The trial met its primary endpoint, showing a marked reduction in viral load across the span of eight days. It also met the secondary endpoint, with a 78% reduction in hospitalizations, visits to the emergency room, or death when compared to the placebo group. This held true across all of the doses tested: 75mg, 225mg and 600mg. Importantly, all three doses were described as being well-tolerated by the patients, offering a good safety profile. Novartis plans on moving forward with the 75mg dose.

After the results of the first trial phase came through in May of 2021, Patrick Amstutz, Chief Executive Officer of Molecular Partners, said: “By virtue of its tri-specific design, ensovibep was built to resist viral mutations and indeed shows potent inhibition of all variants of concern to date, with the potential to maintain activity also for future variants.”

Mechanism of Action

Ensovibep is based on designed ankyrin repeat proteins (DARPins): genetically engineered proteins that mimic an antibody’s ability to bind to, and eventually neutralize, antigens. DARPins are derived from natural ankyrin repeat proteins, a class of binding protein very frequently found in nature. They can be designed around their exact target and their intended effect, allowing for a great deal of specificity. This results in a high-strength, tight-fitting bond with their target molecule.

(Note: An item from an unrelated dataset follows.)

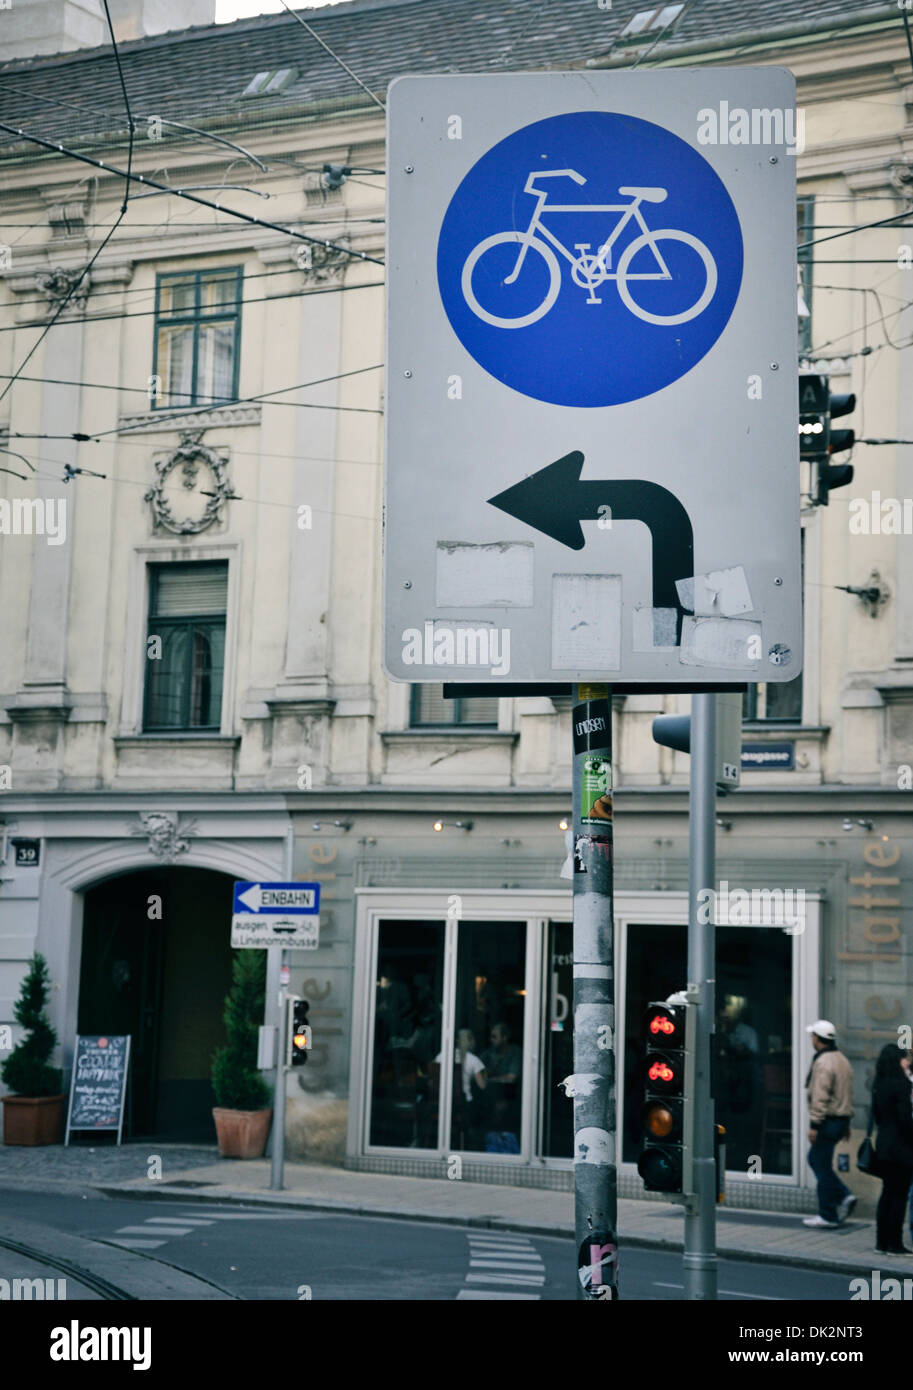 Vienna bicycle street sign Stock Photo

In the case of ensovibep, there are five different DARPin domains linked together as one single molecule (FIGURE 1A); two of these bind to human serum albumin (HSA) in order to keep the drug in the body for longer, the other three domains map onto the three-part structure of the SARS-CoV-2 Spike protein. To be more precise, the DARPins simultaneously block the receptor binding domain (RBD) of each spike trimer, allowing them to inhibit both tightly and cooperatively ACE2 interaction (FIGURE 1G). By blocking ACE2 interaction, ensovibep prevents SARS-CoV-2 from binding to our cells and, in so doing, protects them from infection.

The three-part structure of ensovibep, combined with the high binding affinity of DARPins, makes it difficult for mutations to buck off. The only mutations that managed to do so, a substitution at F486V and another at N234Q, come at the expense of viral fitness more generally. For example, with the F486V substitution, there was a ~8.5 fold reduction in binding affinity between human ACE2 and the SARS-CoV-2 RBD. That kind of reduction would significantly reduce the virus’ ability to infect our cells, decreasing transmissibility and virulence. The importance of F486 is further reflected by a low frequency of naturally occurring substitutions.

In addition to ensovibep’s potential to hold out against variants, it has the benefit of being heat stable —meaning it can be stored and transported easily. Also, because of DARPins’ relatively simple molecular architecture, they can be manufactured in high yields, leading to cost-effective and scalable production.

The main drawback is that ensovibep has to be delivered intravenously, restricting its use to a clinical setting and likely raising its cost. It also means it can’t be used prophylactically, to prevent infection and to prevent transmission, which, realistically, is what we most need to control this pandemic.

We’ll have to wait and see what picture the results from phase 3 paint —which will include a sample size of 2100 patients and double down on testing the clinical efficacy at 75mg— but so far it’s looking like ensovibep will make a valuable addition to our still-sparse quiver of antiviral drugs.